§ What needs to be done
Type the listing below out again exactly. No images.
══ Information provided ══
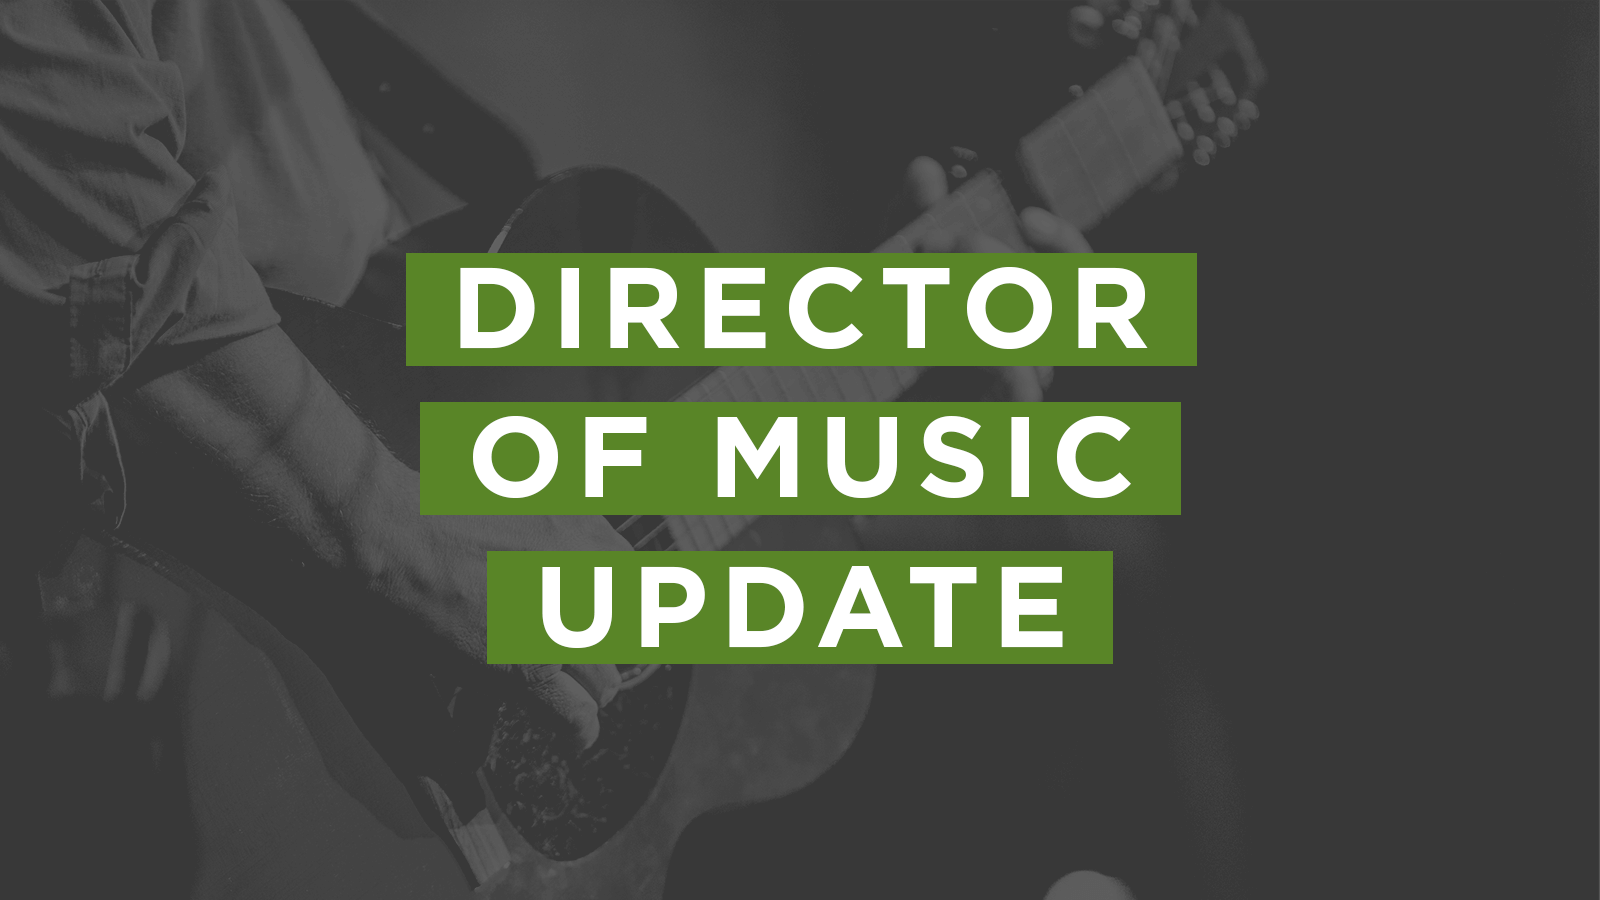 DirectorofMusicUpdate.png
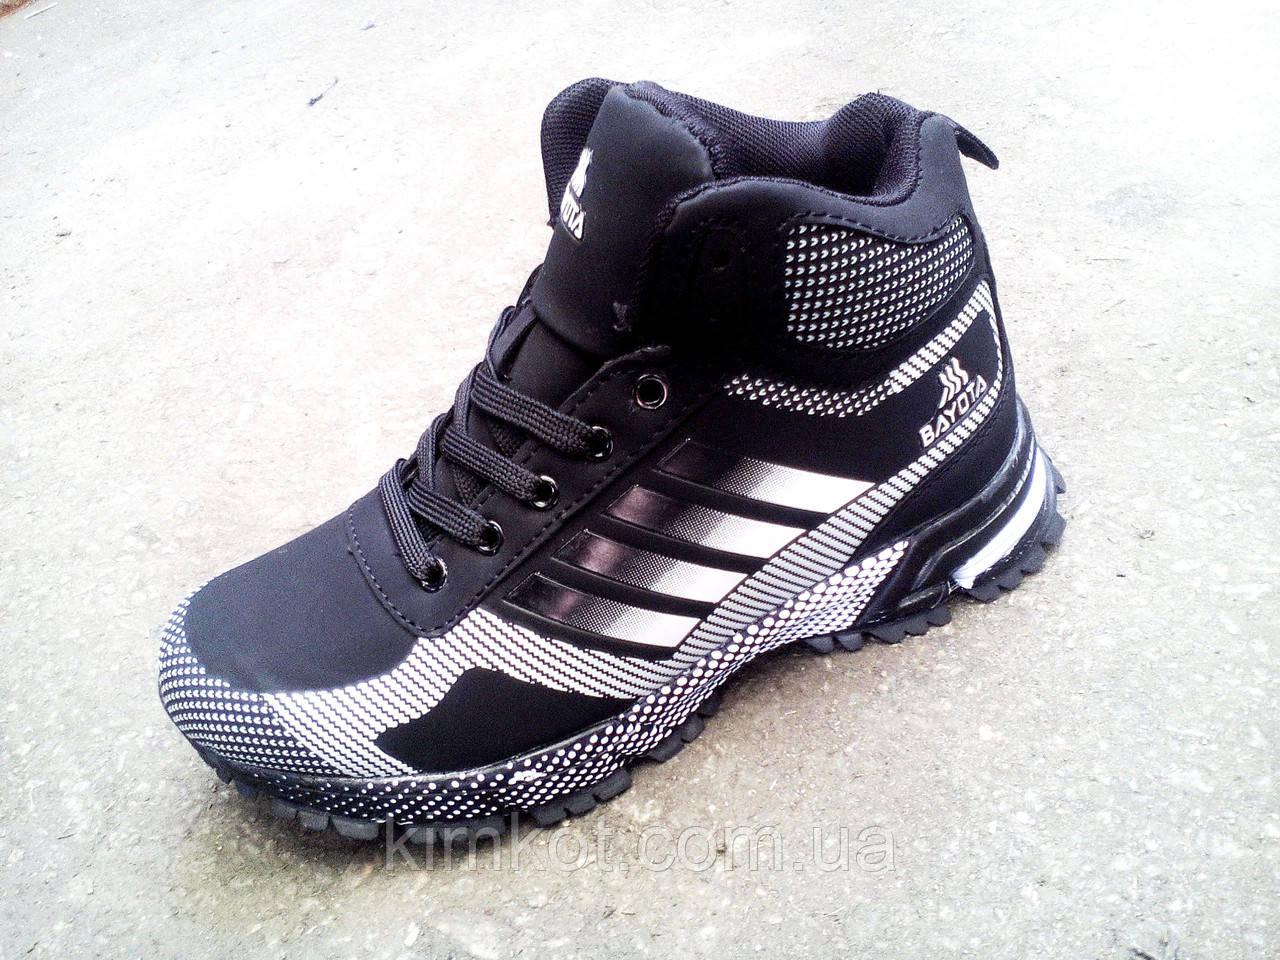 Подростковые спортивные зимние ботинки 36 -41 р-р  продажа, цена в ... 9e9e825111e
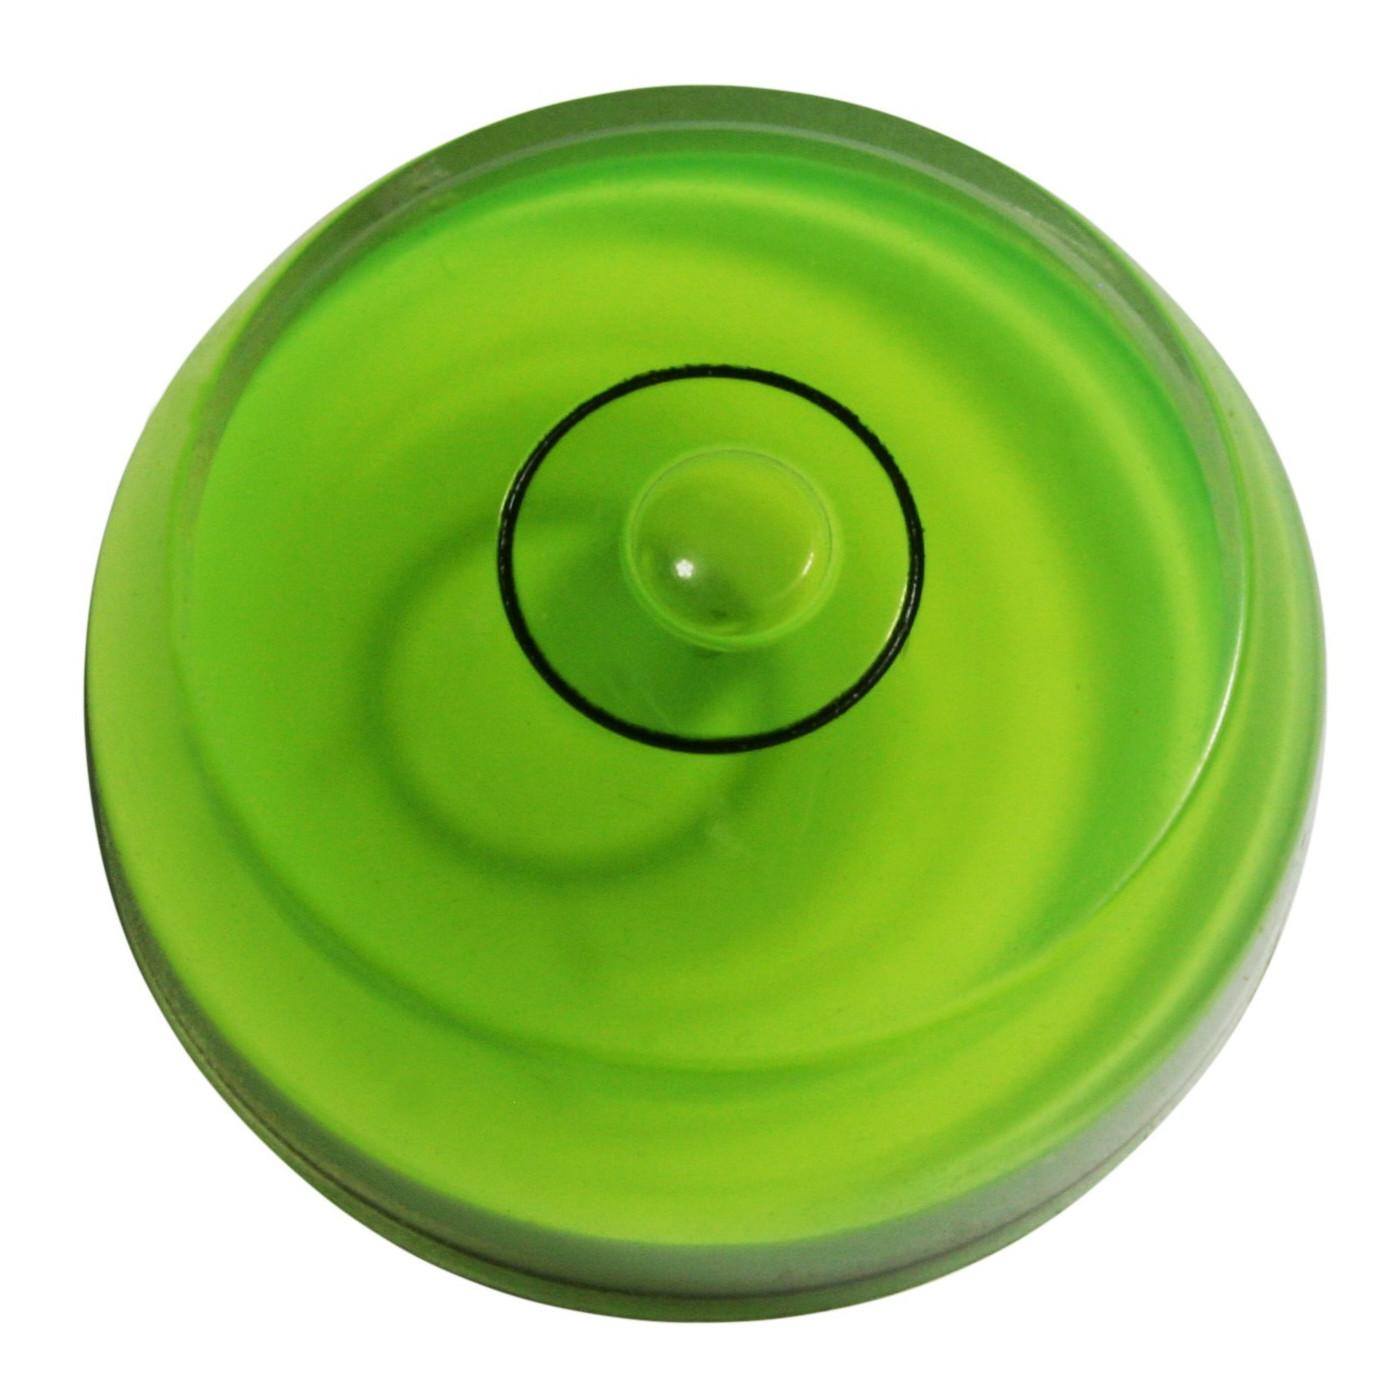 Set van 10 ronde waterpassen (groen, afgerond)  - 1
═══
§ Exercise answer
 DirectorofMusicUpdate.png
 Подростковые спортивные зимние ботинки 36 -41 р-р  продажа, цена в ... 9e9e825111e
 Set van 10 ronde waterpassen (groen, afgerond)  - 1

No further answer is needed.